ZAGREB, Feb 17 (Hina) –The Rudjer Boskovic Institute (RBI) has a 58% portion of female researchers, which is why it is above the European Union and global average when it comes to the share of female researchers, the Zagreb-based Institute reported this week when International Day of Women and Girls in Science was observed on 11 February.
This year, the theme for that day was “Investment in Women and Girls in Science for Inclusive Green Growth”.
“At present, less than 30 per cent of researchers worldwide are women. According to UNESCO data (2014 – 2016), only around 30 per cent of all female students select STEM-related fields in higher education. Globally, female students’ enrolment is particularly low in ICT (3 per cent), natural science, mathematics and statistics (5 per cent) and in engineering, manufacturing and construction (8 per cent),” according to the information available on the United Nations’ website.

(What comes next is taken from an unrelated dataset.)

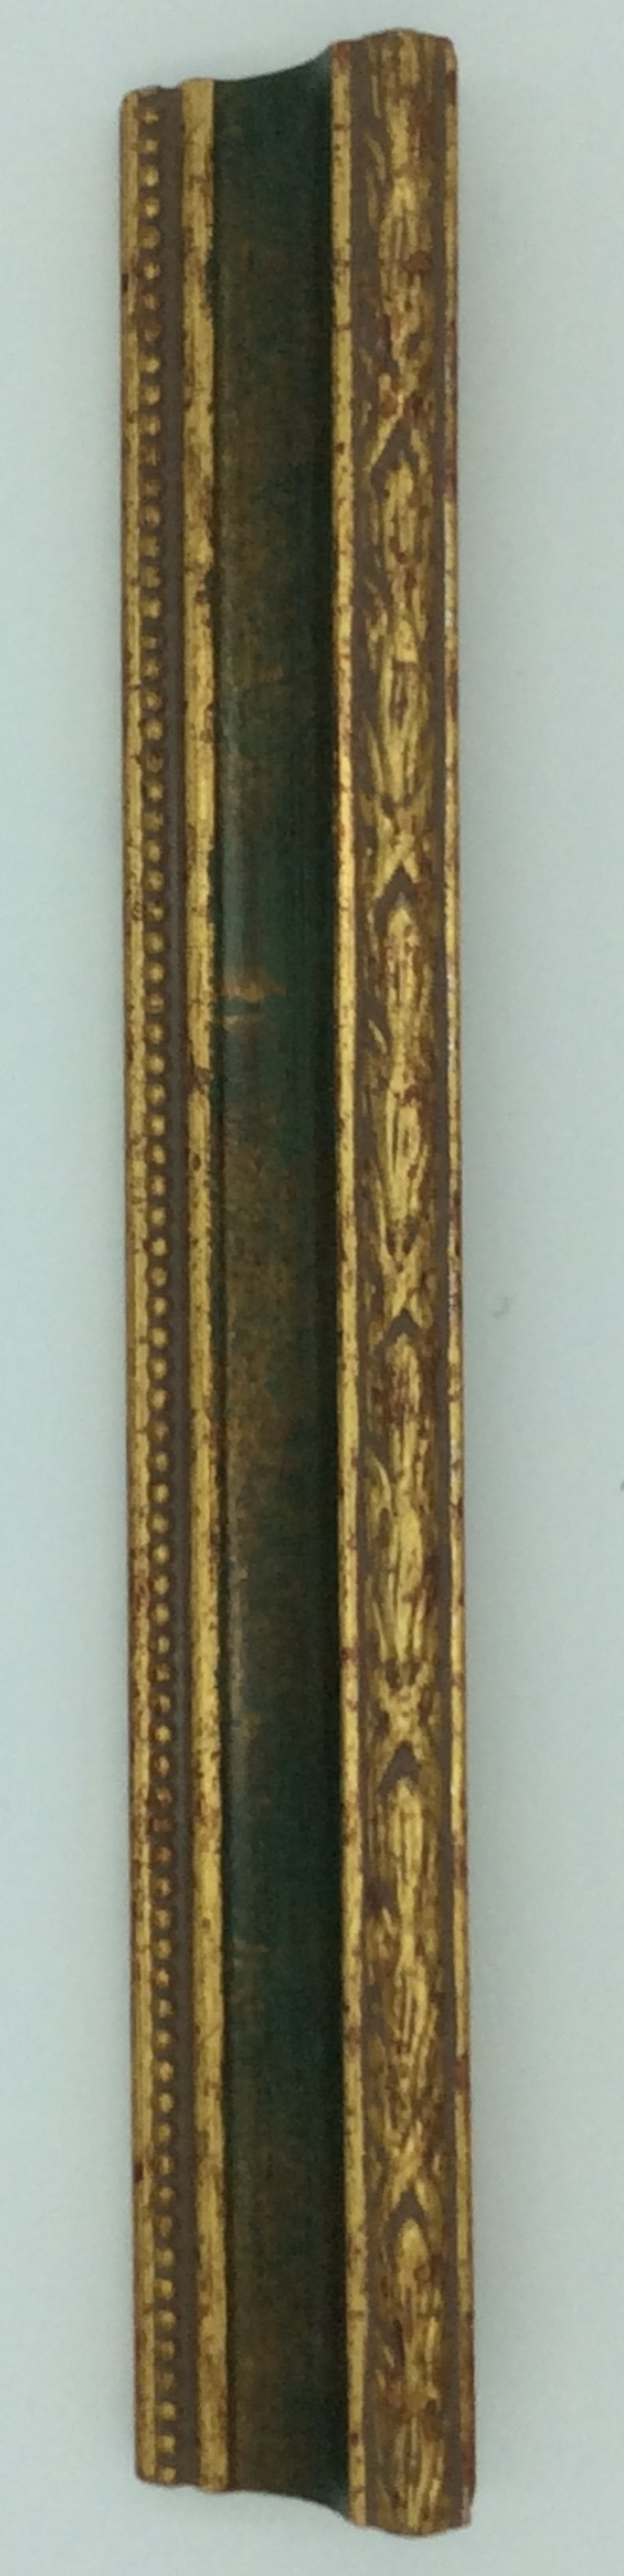 Cornice classica oro e verde 60x90
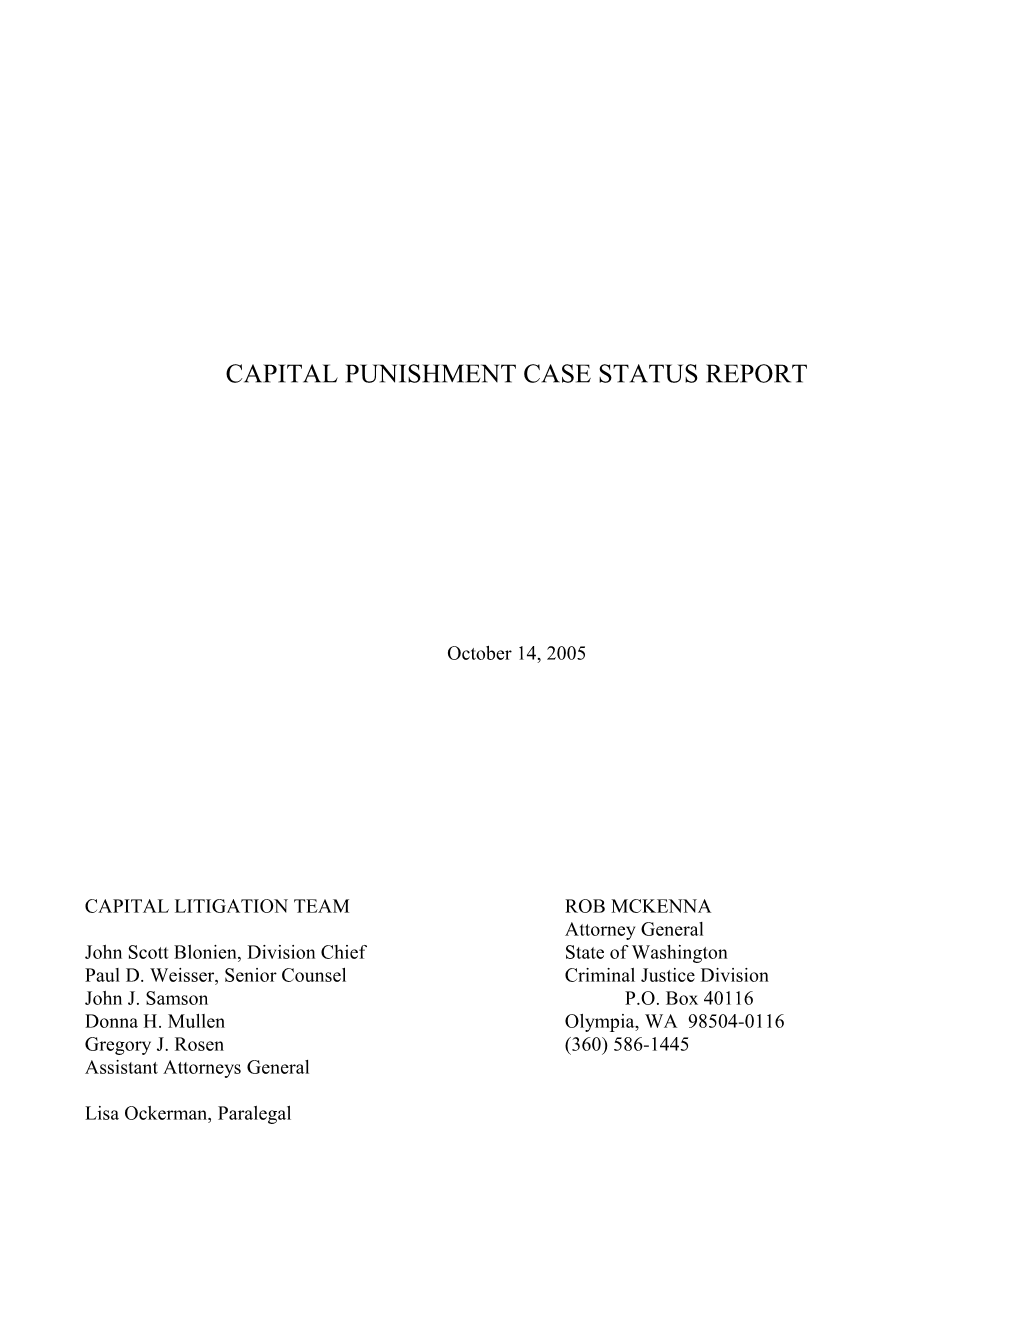 Capital Punishment Case Status Report s1

“Science and gender equality are both vital for the achievement of the internationally agreed development goals, including the 2030 Agenda for Sustainable Development. Over the past 15 years, the global community has made a lot of effort in inspiring and engaging women and girls in science. Yet women and girls continue to be excluded from participating fully in science”
The main Croatian science institute says that it has a total of 880 employees, and of them 427 have PhD degrees, including 246 women (58%). Also, there are a total of 11 heads of departments and four are women (36%), and when it comes to the heads of laboratories, gender equality is balanced (50% to 50%).
Of the three assistant directors of the RBI institute, two are women.
The European Union’s statistical office Eurostat provided data for 2017 about gender equality in science and in that year, 59% of researchers and engineers in the EU were men and 41% were women.
In Croatia, according to the Eurostat figures, the share of women in the science and research field is 48%.